很久以前我做过类似的事情,我在富文本编辑器中完全清理了这些东西,并将字体标签转换为样式,将 brs 转换为 p 等,以保持浏览器之间的一致性并防止某些丑陋的东西通过粘贴进入。我拿了我的递归函数并删除了除了核心逻辑之外的大部分内容,这可能是一个很好的起点(“结果”是一个累积结果的对象,它可能需要第二遍才能转换为字符串),如果这就是你所需要的:

var cleanDom = function(result, n) {
var nn = n.nodeName;
if(nn=="#text") {
    var text = n.nodeValue;

    }
else {
    if(nn=="A" && n.href)
        ...;
    else if(nn=="IMG" & n.src) {
        ....
        }
    else if(nn=="DIV") {
        if(n.className=="indent")
            ...
        }
    else if(nn=="FONT") {
        }       
    else if(nn=="BR") {
        }

    if(!UNSUPPORTED_ELEMENTS[nn]) {
        if(n.childNodes.length > 0)
            for(var i=0; i<n.childNodes.length; i++) 
                cleanDom(result, n.childNodes[i]);
        }
    }
}

回答by souLTower

Could you paste to a hidden textarea, copy from same textarea, and paste to your target?

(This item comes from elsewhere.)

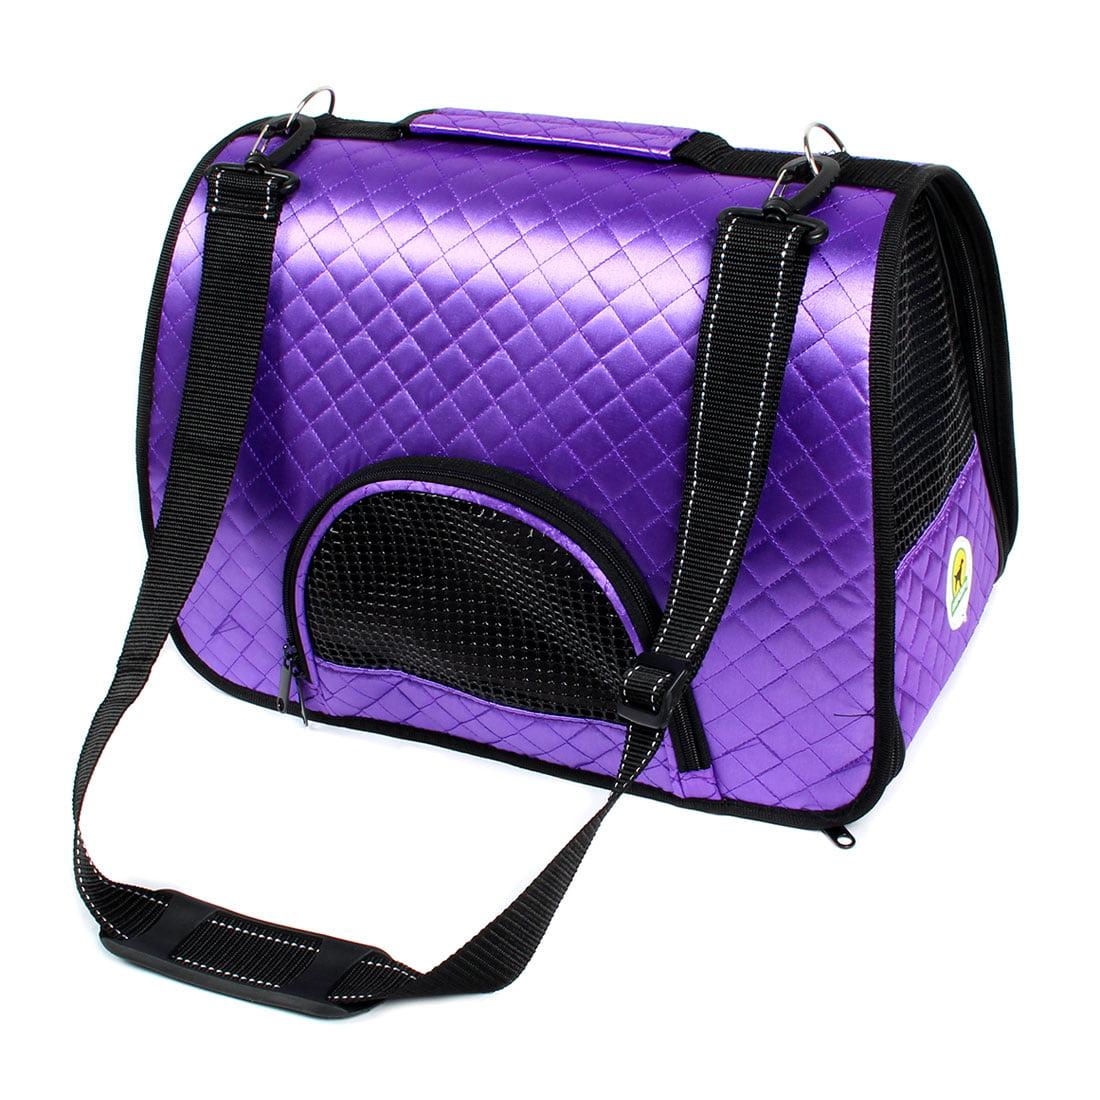 Outdoor Travel Nylon Meshy Zipper Closure Pocket Design Pet Dog Carrier Tote Bag

你能粘贴到一个隐藏的文本区域,从同一个文本区域复制,然后粘贴到你的目标吗?

回答by Amy B

Hate to say it, but I eventually gave up making TinyMCE handle Word crap the way I want. Now I just have an email sent to me every time a user's input contains certain HTML (look for <span lang="en-US">for example) and I correct it manually.

不想这么说,但我最终放弃了让 TinyMCE 以我想要的方式处理 Word 垃圾。现在,每次用户输入包含某些 HTML(<span lang="en-US">例如查找)时,我都会收到一封电子邮件,然后我手动更正它。